The 2018 IIHF World Championship Division III was an international ice hockey tournament run by the International Ice Hockey Federation. It was held in Cape Town, South Africa and the qualification tournament in Sarajevo, Bosnia and Herzegovina after the original hosts, Abu Dhabi, United Arab Emirates, withdrew their application.

Georgia won the tournament and were promoted to Division II.

Kuwait and Turkmenistan made their debut in the World Championships, with both playing in the qualification tournament.

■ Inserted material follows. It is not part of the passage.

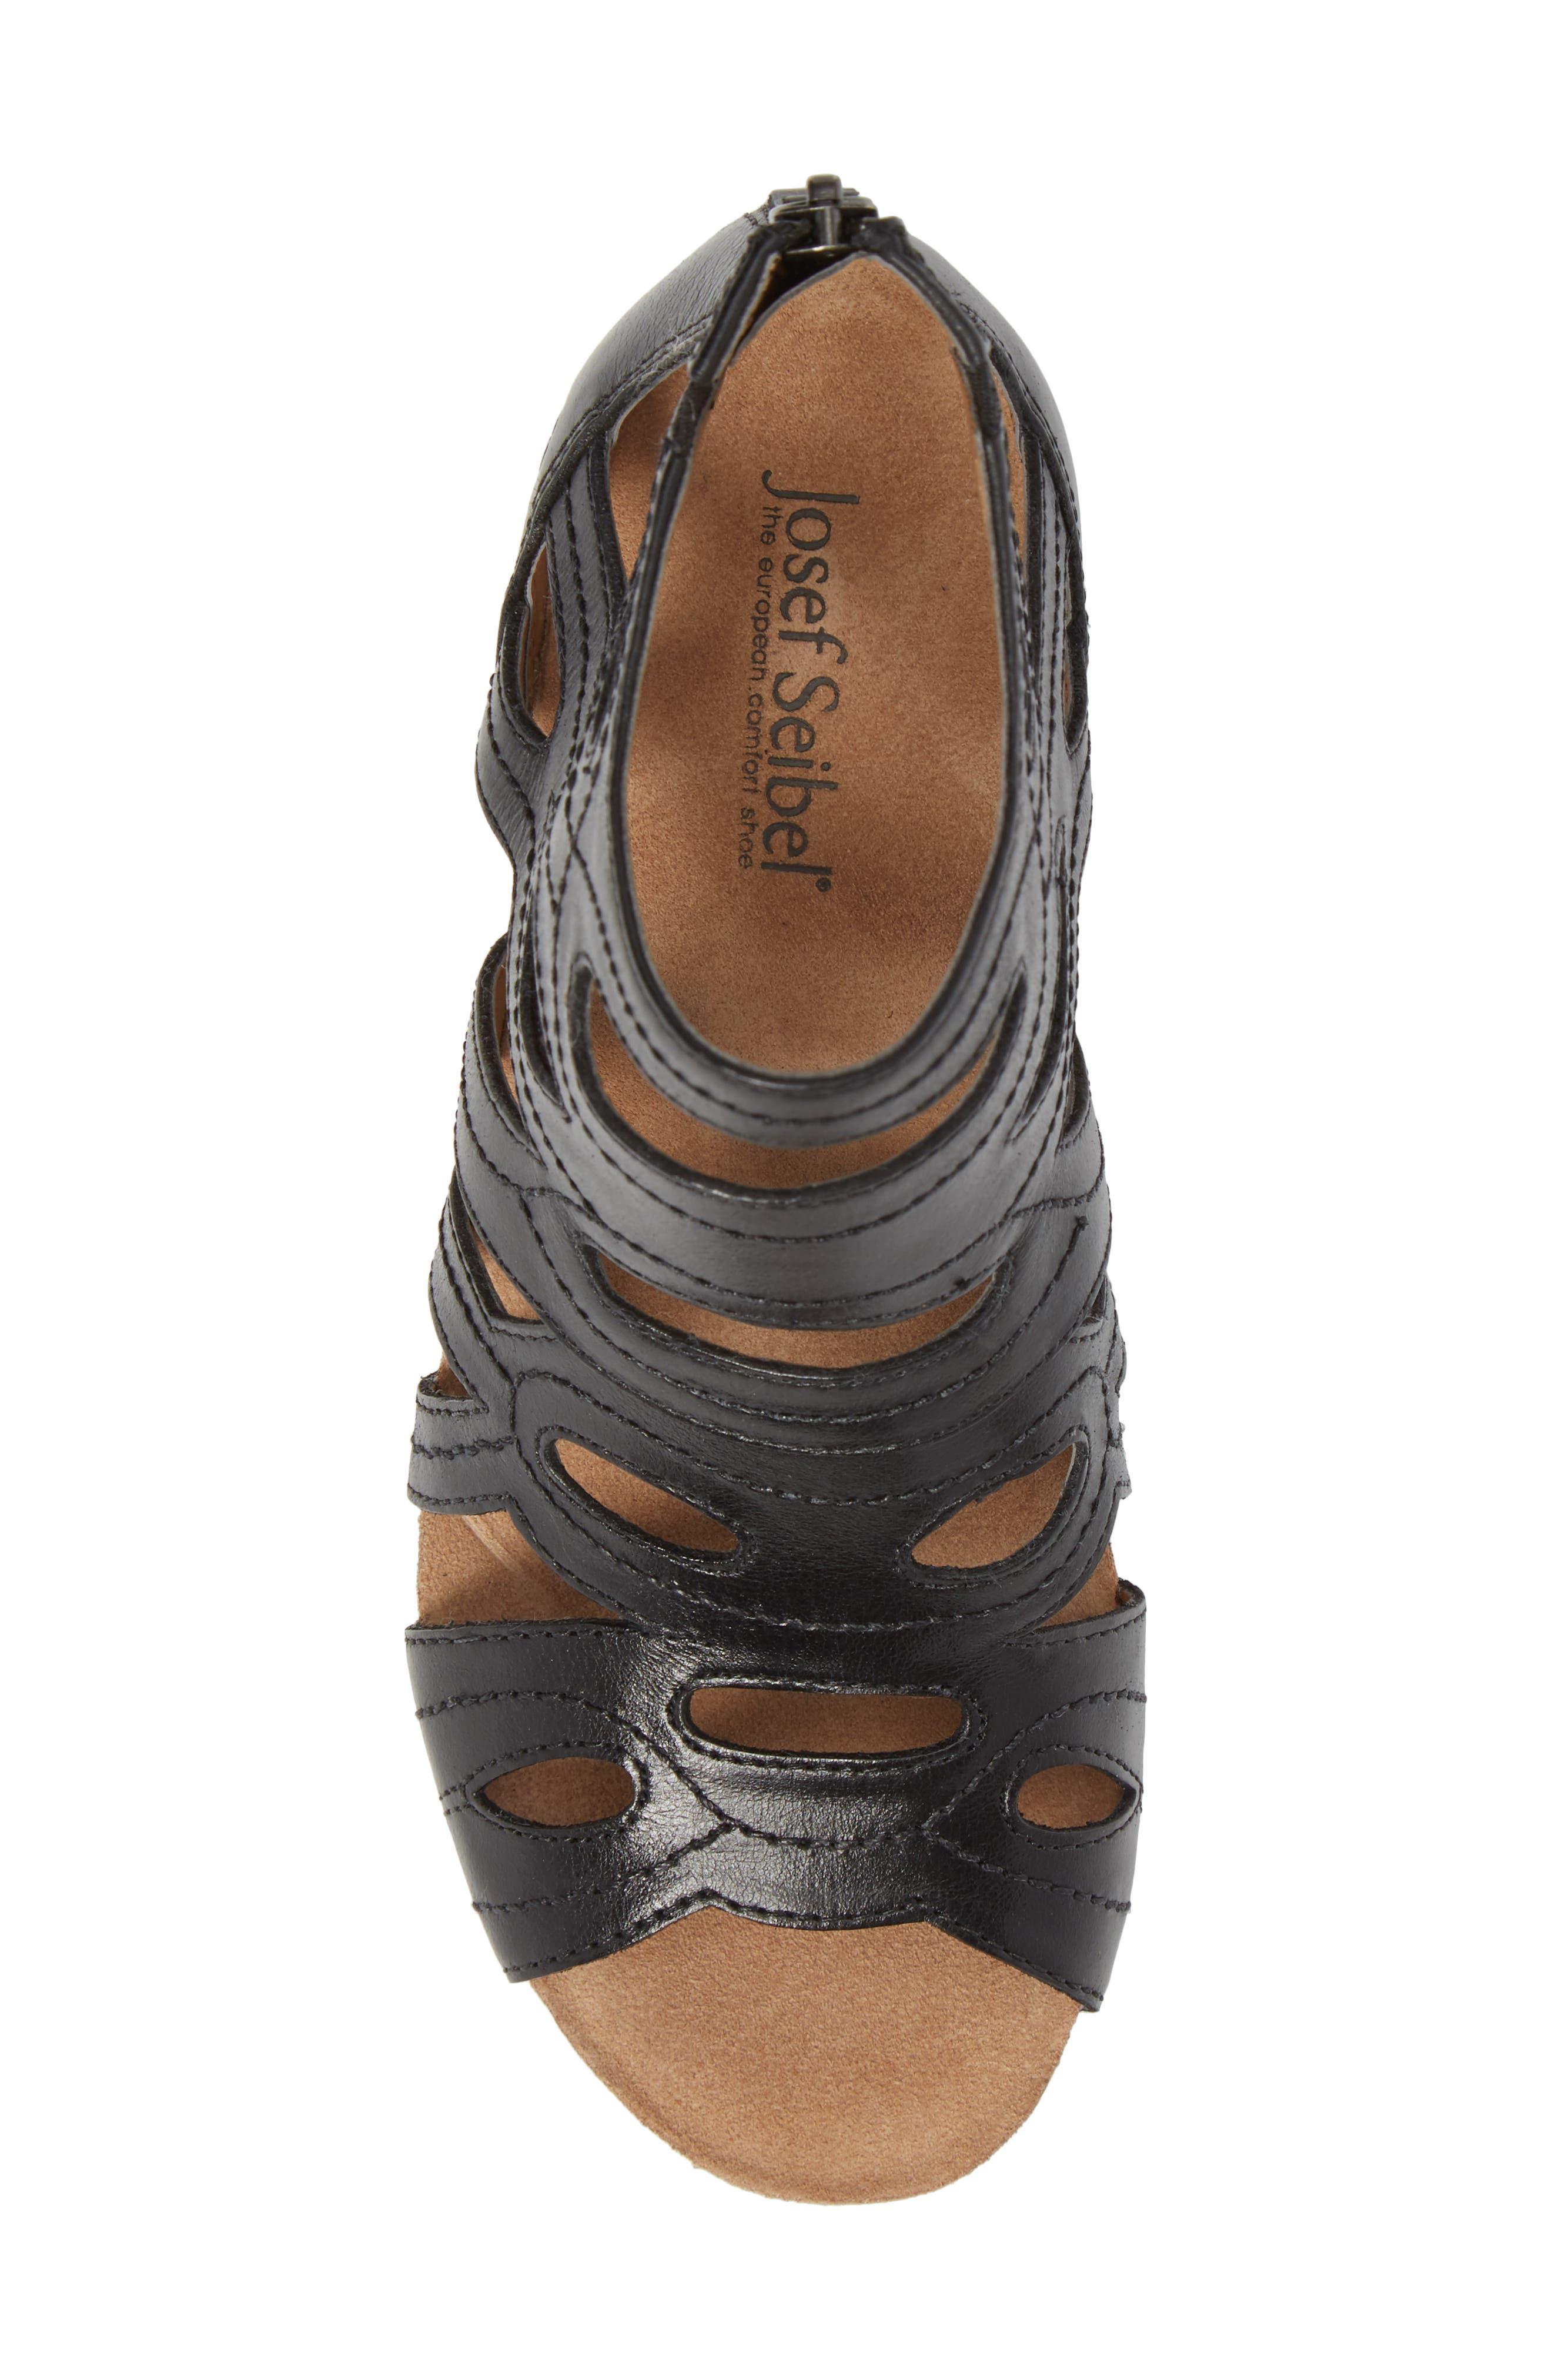 Rose 21 Gladiator Sandal,                             Alternate thumbnail 5, color,                             BLACK LEATHER
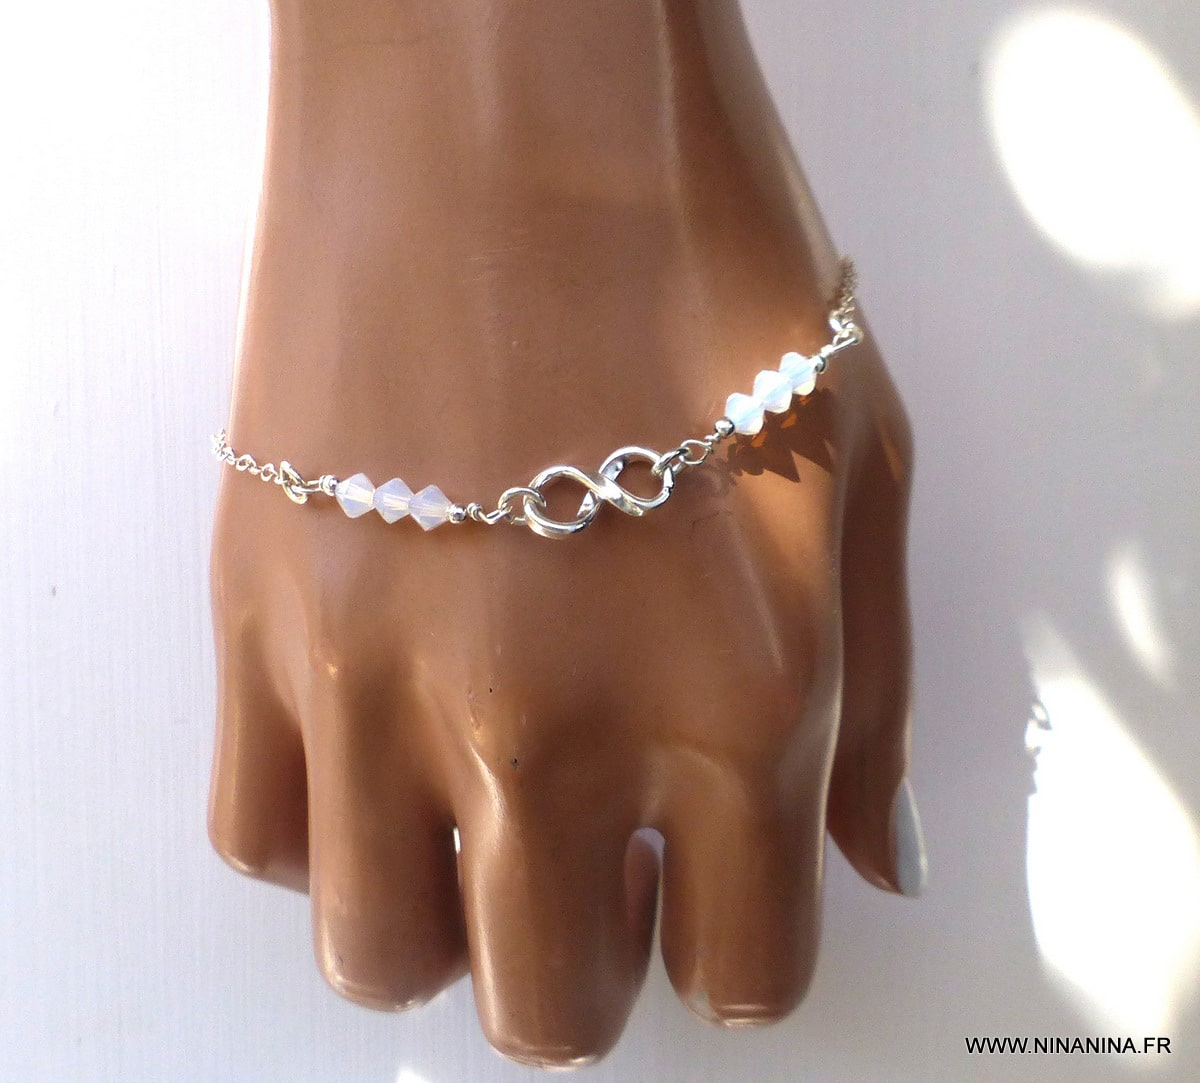 Bracelet infini Swarovski argent 925 massif perles blanches

Turkmenistan won their first ever game in the World Championships, defeating the United Arab Emirates and later went on to win the qualification and be promoted to next year's Division III.

==Division III==

===Participants===

| Team | Qualification |
|---|---|
| Turkey | Placed 6th in Division II B last year and were relegated. |
| Bulgaria | Placed 2nd in Division III last year. |
| Georgia | Placed 3rd in Division III last year. |
| Hong Kong | Placed 4th in Division III last year. |
| South Africa | Host, placed 5th in Division III last year. |
| Chinese Taipei | Placed 6th in Division III last year. |

===Match officials===
4 referees and 7 linesmen were selected for the tournament.

- Referees
- ROU Zsolt Csomortani - Did not attend the championships
- BLR Miroslav Iarets
- SWE Richard Magnusson
- ESP Alexey Roshchyn

- Linesmen
- GBR Daniel Beresford
- RSA Jonathan Burger
- ITA Matthias Cristeli
- AUT Maximilian Gatol
- BLR Artsiom Labzov
- SVN Gregor Miklič
- POL Marcin Polak

===Standings===

| Pos | Team | Pld | W | OTW | OTL | L | GF | GA | GD | Pts | Qualification or relegation |
| 1 | Georgia (P) | 5 | 4 | 0 | 0 | 1 | 35 | 12 | +23 | 12 | Promoted to 2019 Division II B |
| 2 | Bulgaria | 5 | 3 | 1 | 0 | 1 | 28 | 10 | +18 | 11 |  |
| 3 | Turkey | 5 | 3 | 0 | 1 | 1 | 22 | 14 | +8 | 10 |
| 4 | Chinese Taipei | 5 | 2 | 0 | 0 | 3 | 16 | 25 | −9 | 6 |
| 5 | South Africa (H) | 5 | 2 | 0 | 0 | 3 | 13 | 18 | −5 | 6 |
| 6 | Hong Kong (R) | 5 | 0 | 0 | 0 | 5 | 3 | 38 | −35 | 0 | Relegation to 2019 Division III qualification |

===Results===
All times are local (UTC+2).

===Awards and statistics===
====Awards====
- Best players selected by the directorate:
  - Best Goaltender: RSA Charl Pretorius
  - Best Defenceman: BUL Martin Boyadjiev
  - Best Forward: GEO Aleksandr Zhuzhunashvili
Source: IIHF.com

====Scoring leaders====

| Player | GP | G | A | Pts | +/− | PIM | POS |
|---|---|---|---|---|---|---|---|
| GEO Aleksandr Zhuzhunashvili | 5 | 10 | 9 | 19 | +15 | 2 | F |
| GEO Oliver Obolgogiani | 5 | 8 | 6 | 14 | +16 | 6 | F |
| GEO Alexander Vasilchenko | 5 | 5 | 7 | 12 | +7 | 8 | F |
| BUL Ivan Hodulov | 5 | 5 | 3 | 8 | +2 | 4 | F |
| TPE Shen Yen-chin | 5 | 5 | 3 | 8 | –3 | 0 | F |
| BUL Martin Boyadjiev | 5 | 4 | 4 | 8 | +8 | 2 | F |
| BUL Daniel Dilkov | 5 | 4 | 4 | 8 | +7 | 0 | F |
| TUR Ferhat Bakal | 5 | 3 | 5 | 8 | +3 | 2 | F |
| GEO Artem Kozyulin | 5 | 2 | 6 | 8 | +9 | 25 | F |
| GEO Artem Kurbatov | 5 | 2 | 6 | 8 | +16 | 10 | D |

GP = Games played; G = Goals; A = Assists; Pts = Points; +/− = Plus/minus; PIM = Penalties in minutes; POS = Position

Source: IIHF.com

====Goaltending leaders====
Only the top five goaltenders, based on save percentage, who have played at least 40% of their team's minutes, are included in this list.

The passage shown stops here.